Sunday, October 18, 2015

Featherweight Skill Series - The Ruffler, Part 1

Thank you for coming to my Featherweight Skill Series! There are thousands of us who love our little 221s but need or want a little more "know-how" on using them to their fullest potential. I hope my posts and videos will help you get more know-how and confidence in using your beautiful Featherweight. Enjoy the classes!

Class #9 - The Ruffler - Part 1

Class supply list:
Your fully threaded sewing machine with the Ruffler, several practice pieces of fabric: 4" x WOF (width of fabric) that have been hemmed, if desired. (See classes 5 & 7 for hemming instruction)

Let's get sewing!

One of my Singer sewing books gave this drawing, which names parts on the unit. I'll refer to these names throughout the Ruffler posts.

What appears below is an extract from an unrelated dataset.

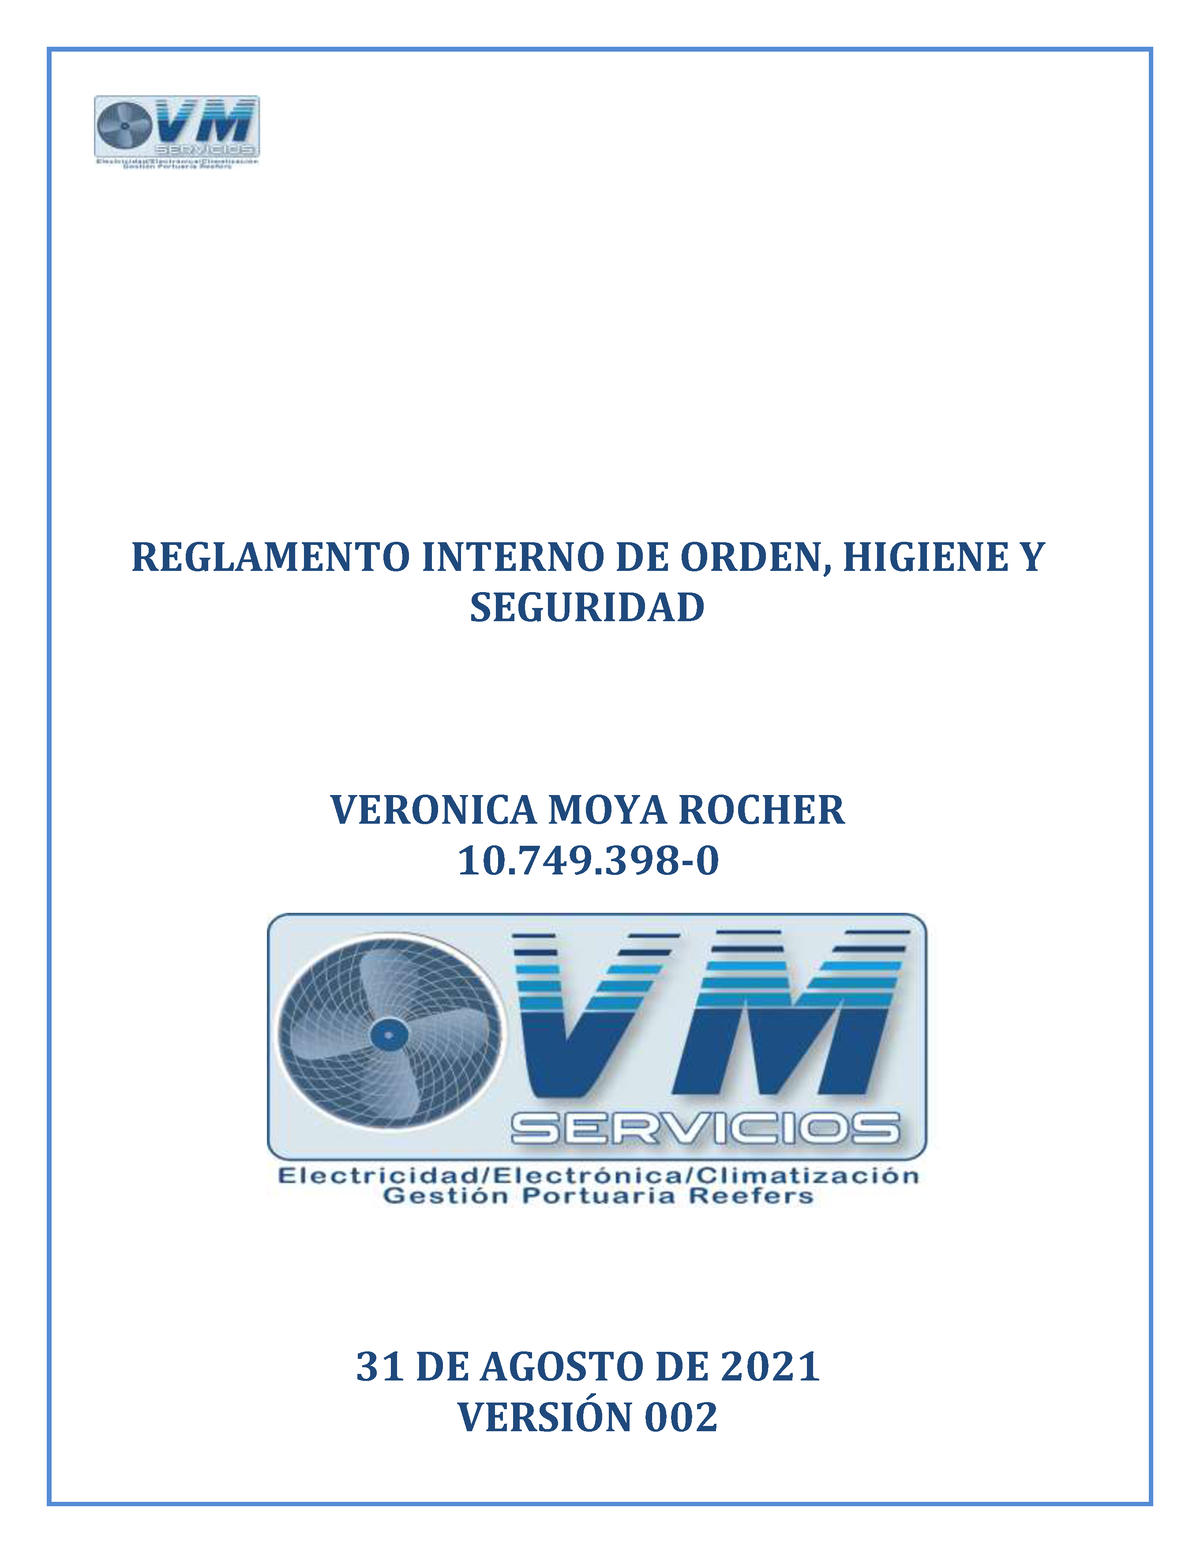 Riohs Vm Servicios 2021 Reglamento Interno De Orden Higiene Y Seguridad Veronica Moya Rocher 9204

Installing the Ruffler isn't too difficult. The only thing that needs to be done differently is to place the fork arm around the needle screw so it's movement causes the Ruffler's gears to function.

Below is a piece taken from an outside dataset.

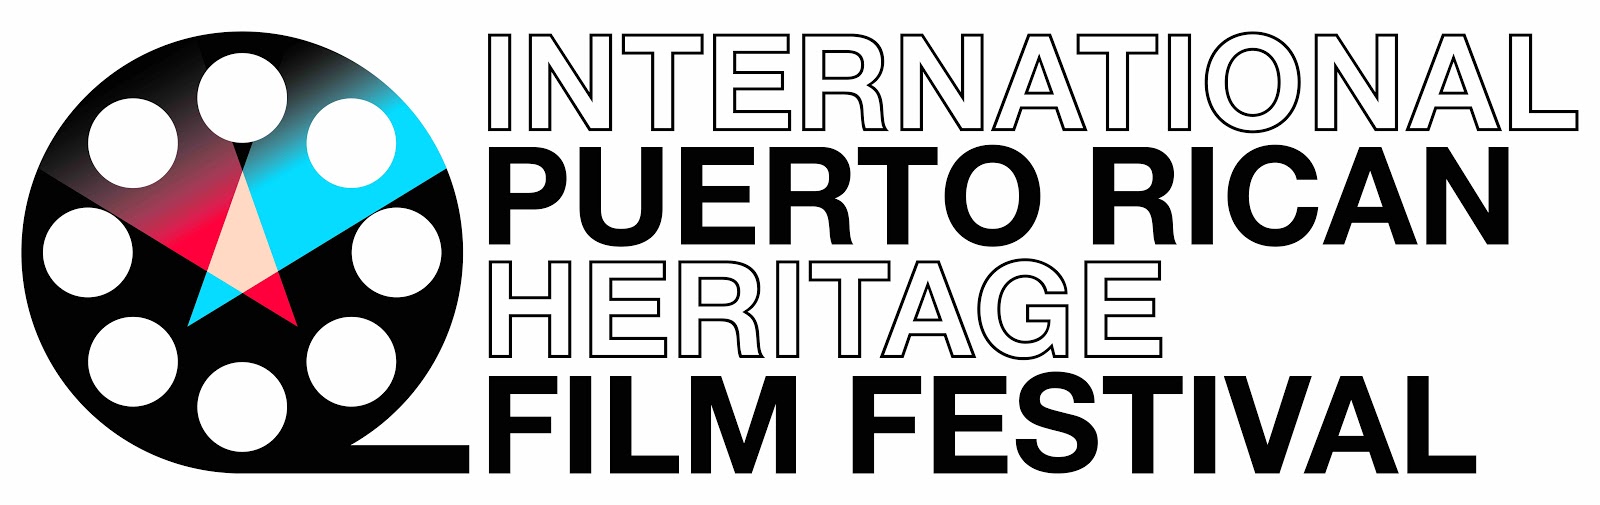 International Puerto Rican Heritage Film Festival escrito em letras pretas e em negrito ao lado de um gráfico de rolo de filme.

The adjusting lever has numbers and a star on its plate. 
This determines how many pleats are sewn into the fabric. The star setting disengages the unit's function and produces no pleating in the stitches when selected.

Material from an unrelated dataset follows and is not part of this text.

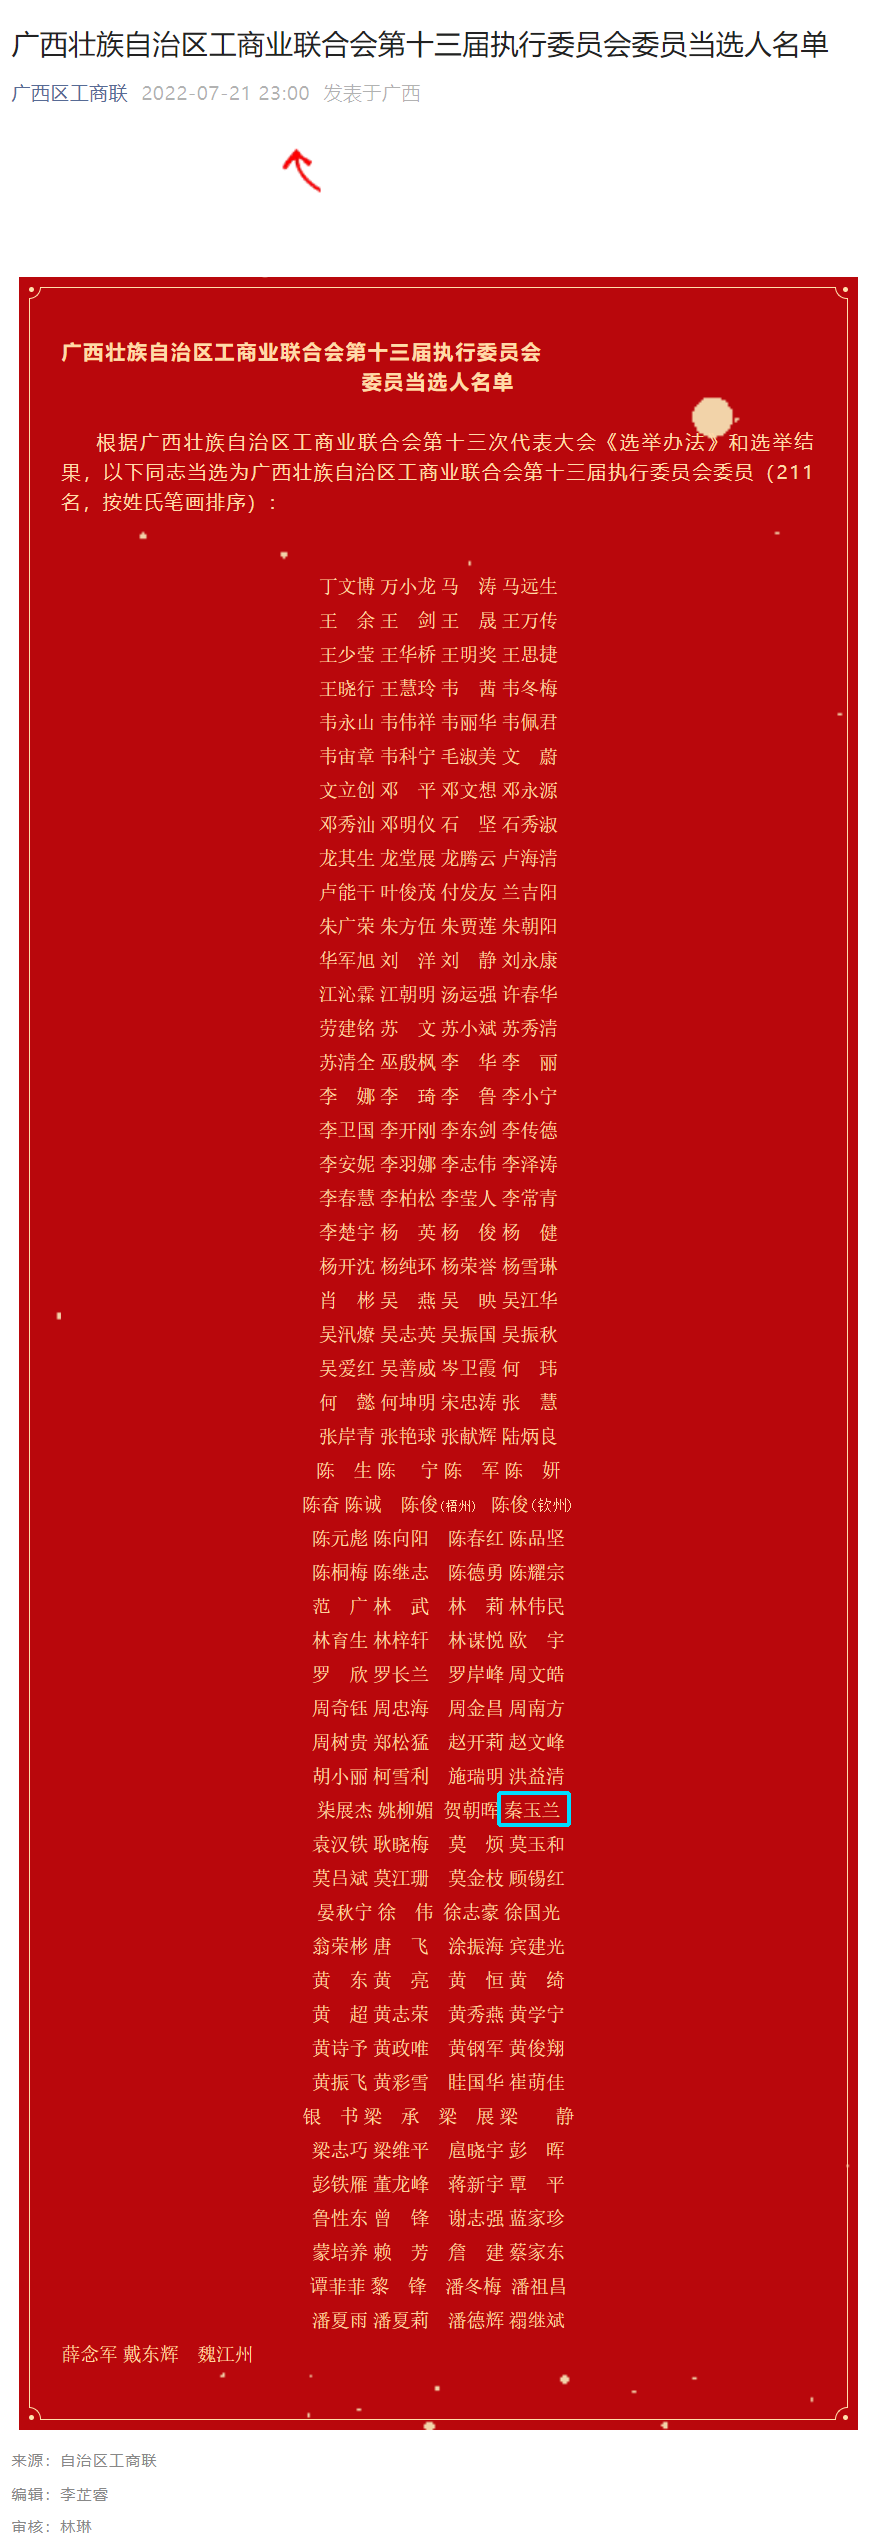 2022.729广西区工商联-广西壮族自治区工商业联合会第十三届执行委员会委员当选人名单.png

Here are samples of some strips after changing the adjusting lever. My stitch length was set at 8.
The top strip was folded in half and has a pleat sewn in every stitch giving a full ruffle.
The middle strip has a pleat sewn in every 6th stitch. 
The bottom strip has a pleat sewn in every 12th stitch. 

All very nice effects! They can become more pleated with a shorter stitch length setting. A 10 or 12 would give a fuller ruffle than a stitch length of 6 or 8. 

The adjusting screw will change the pleat depth by increasing or lessening the push on the adjusting finger, which affects the ruffling blade. That was a mouthful!

When the screw is all the way down, your pleat will be folded under at its maximum depth. As you unscrew the screw, the pleat depth will lessen and the pleat effect is less full. 

The separator guide will help keep your fabric to be sewn in a straight line. As the blade pills the fabric in to pleat it, this gives you more control of the strip.

Here what it looks like from underneath when the strip is installed in the separator guide.

Here's a video showing how to use the Ruffler. 

There may be times when you don't want the fabric to pleat in a straight line. Remove the fabric from the guide to allow it to move freely. 

As you sew, you can steer the sewing along various areas on the strip.

Using this method, here's where I did this and got a shell type effect on my strip.


Homework: Take your fabric and sew ruffles on them!  Make a strip of each adjusting lever setting, changing the adjusting screw after a few inches of stitching. Try changing your stitch length on your machine to see what setting you like best. Feed the fabric through the separator guide and then out of the guide to stitch a shell effect.
Write on your samples and save them so you can recreate the settings for future projects.